Concerningly, however, at the very time Marles was visiting Barrow, one of the most senior figures in the US Navy’s nuclear submarine program, Rear Admiral Scott Pappano, gave an interview in which he cast doubt on America’s readiness or even capacity to incorporate the supply of submarines to Australia into its production schedule. “If we are going to add additional submarine construction to our industrial base, that would be detrimental to us right now,” Pappano was quoted as saying. This comes at a time when the US Navy is planning significant increases its fleet size – including its submarine capability – to meet the China challenge. As Johnson and Wallace no doubt told Marles, there is no hesitancy on the part of the British.
The UK’s commitment to AUKUS is strong. The new Prime Minister, Liz Truss, is every bit as enthusiastic for AUKUS as was Johnson. Wallace has been reappointed as Defence Secretary. If, as many expect, he leaves the government next year to become the secretary-general of NATO, his likely successor in the portfolio is the new Security Minister Tom Tugendhat – a strong China hawk and AUKUS enthusiast. The Truss cabinet – indeed virtually the entire Conservative Party – share that sentiment.
Australia’s Deputy Prime Minister, Richard Marles, with then-British Prime Minister Boris Johnson in Barrow for the commissioning of Astute-class submarine.Credit:Official British government photographer.
We can also be confident that a future UK Labour government will take the same view. Although UK Labour was initially sceptical of AUKUS, its bipartisan support has since been clarified. At the Labour Party conference last year, which took place shortly after AUKUS had been announced, I sought and received firm assurances from both the shadow defence secretary and the then shadow foreign secretary that a future Labour government would fully support AUKUS – a position since reinforced by Labour leader Keir Starmer and the shadow cabinet.

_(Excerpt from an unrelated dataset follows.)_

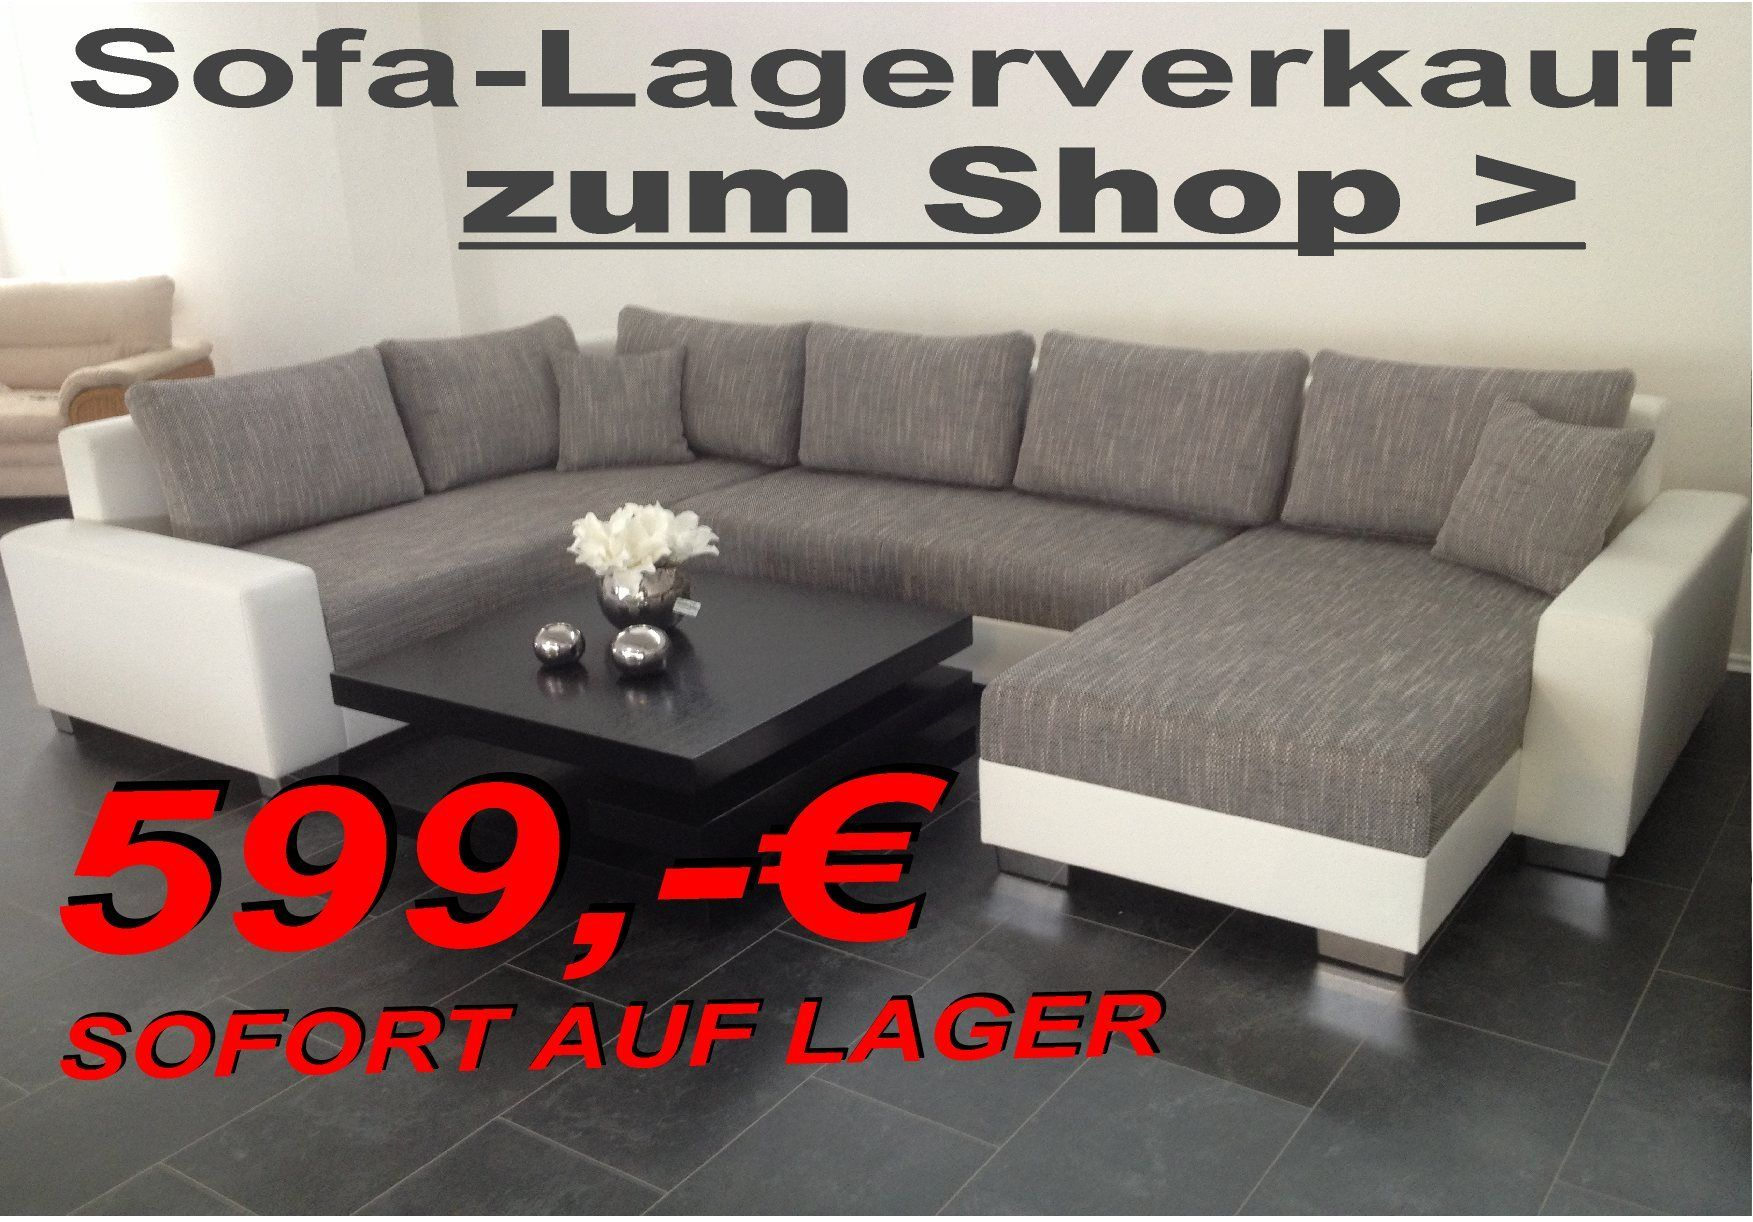 Sofa Kaufen Gunstig ~ Möbel günstig kaufen sofa lagerverkauf sofa lagerverkauf

The UK’s eagerness to win the submarine contract is palpable. It conforms with one of the key priorities set out in last year’s Integrated Review of Britain’s geostrategic objectives, the “tilt to the Indo-Pacific”. It also reflects an electorally powerful domestic priority which does not feature in American thinking – the rehabilitation of the industrial manufacturing base in the north of England. As a very competitive UK election looms in 2024, the Australian submarine contract would be a huge political trophy.
I don’t doubt the US commitment to AUKUS is as strong as Britain’s. Inevitably, though, Australia has less weight in its relationship with the US than it does in that with the UK. Put simply, we are, as a customer, in a weaker position. And the domestic political imperatives in the UK are entirely absent from America’s priorities. It is inconceivable that anyone of importance in the British system would think as Admiral Pappano does.
The US Virginia-class, nuclear-powered submarine.
Ultimately, a defence contract of this magnitude will be a decision based on capability, cost and the capacity to deliver soonest. The received wisdom in Defence is that all of those factors favour the choice of an American design. Yet – as the short life of the French diesel submarine project demonstrated – things can change fast in a few short years. For a project whose delivery times are measured not in years but decades, another important consideration is to ensure Australia is in the strongest position it can be when it comes to the delivery phase.